What a whirlwind of emotions I've been through today. :'/  This morning I started spotting, and within an hour the bleeding was bright red and flowing like an extremely light period. I'm having mild cramps as well. I haven't passed any clots, and also this bleeding/cramps is nothing like my miscarriage last year.  When I saw the blood this morning I was devastated and I lost it.  I want this baby so bad.  :'/  

Now the bleeding has almost completely stopped.

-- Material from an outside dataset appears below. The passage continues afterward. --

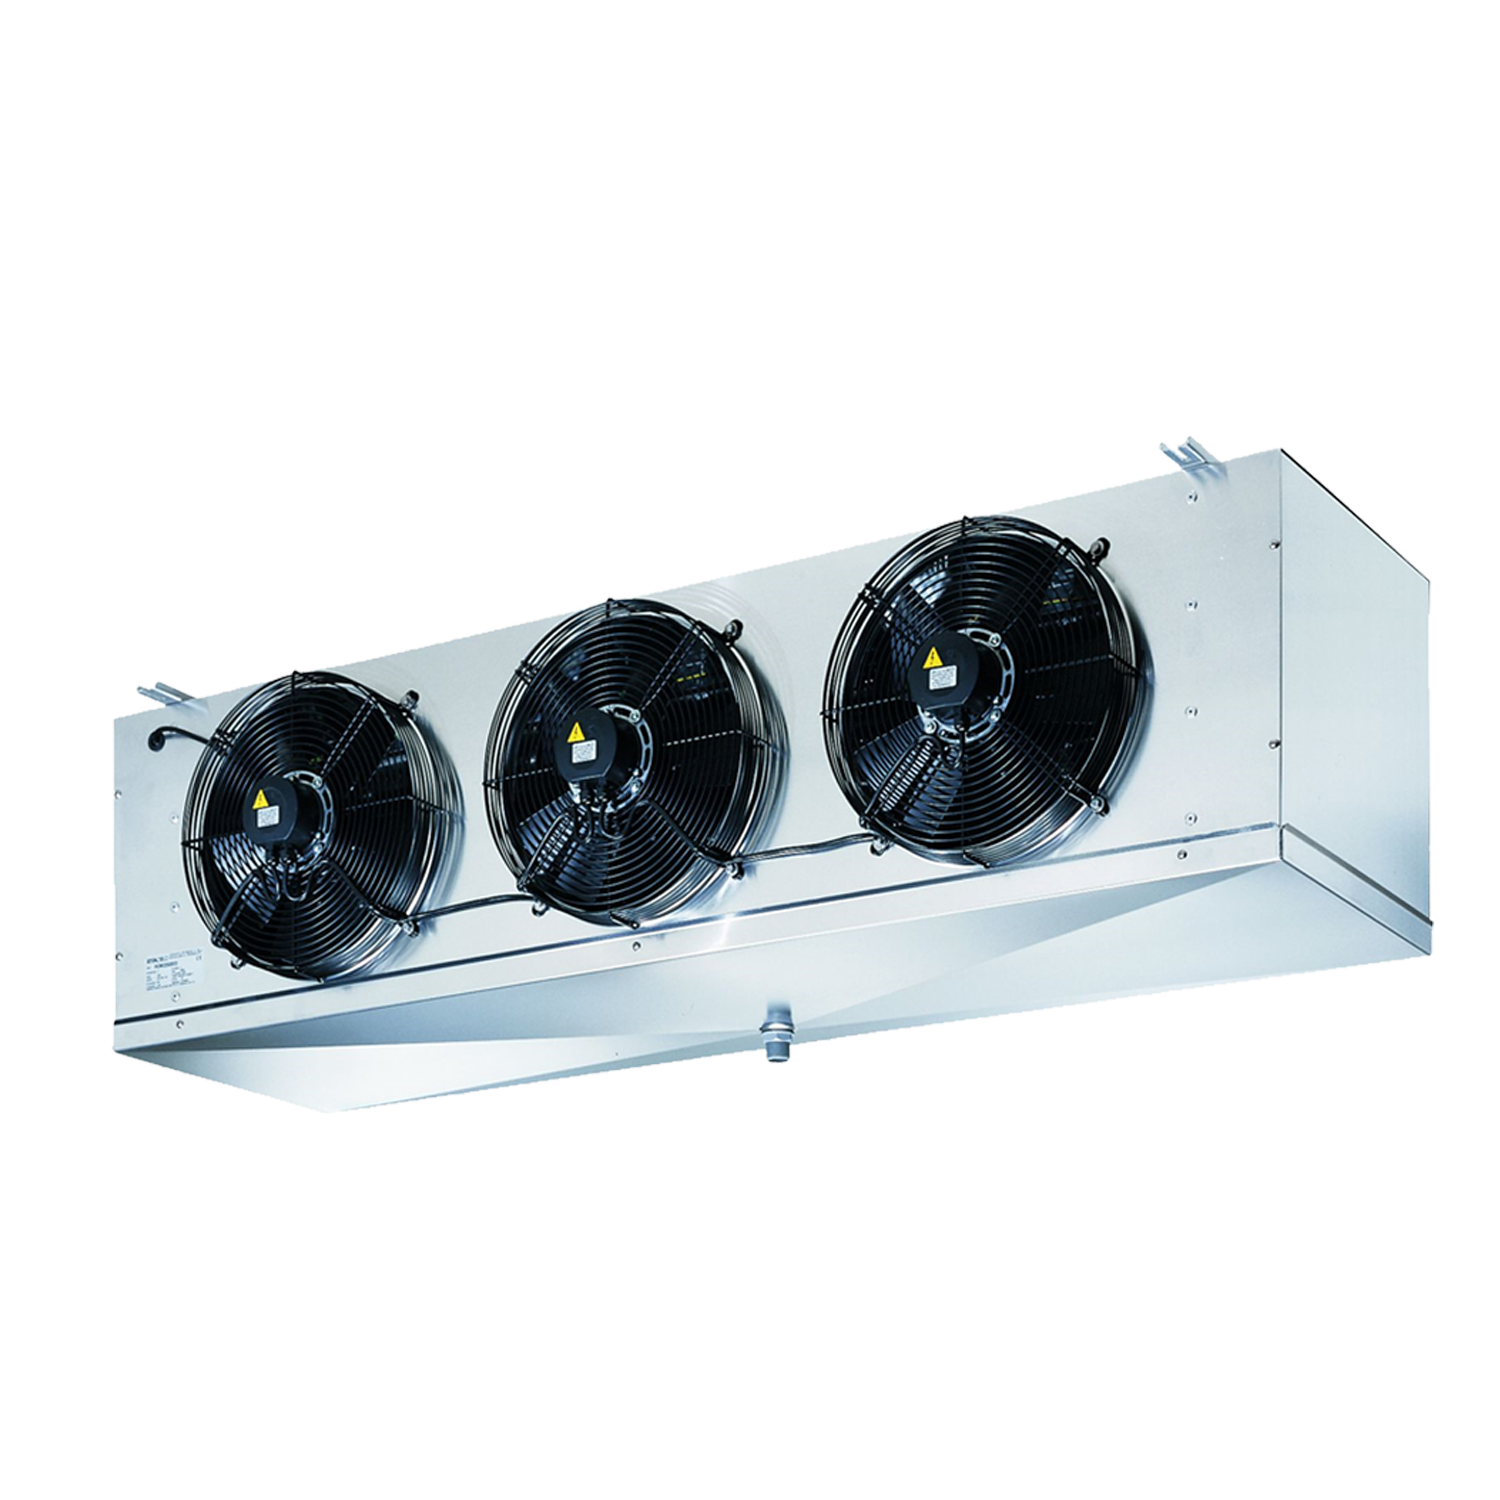 RCMX-350: Cubic ceiling evaporators with EC fans

I'm at a loss, and don't know what to think.  Should I just allow myself to grieve or should I hang on to hope that everything is okay? :'(   
Since I'm here with Mom for the weekend, she wanted to take me to ER tonight but I figure there's no sense in doing that.  We would have to pay $150 up front, and they will just do an ultrasound and either tell me that my baby is fine, or gone.  I figured the smarter move would be to just wait till Monday and call my OB/GYN and try to get an ultrasound as soon as possible.  I'm 6 weeks 2 days today, so Monday I would be 6 weeks 4 days and I'm pretty sure they'll be able to tell if my baby is okay or not.  
My heart is breaking.....and I'm trying not to allow myself to break down just in case my little gummy bear is still trying to hang on.  :'(   

1 comment:

  1. I love you, Hailey, and though I can't understand all of this either, I know we will hold our lil angel one day. And until that day, I will remember the immeasureable joy she already brought us.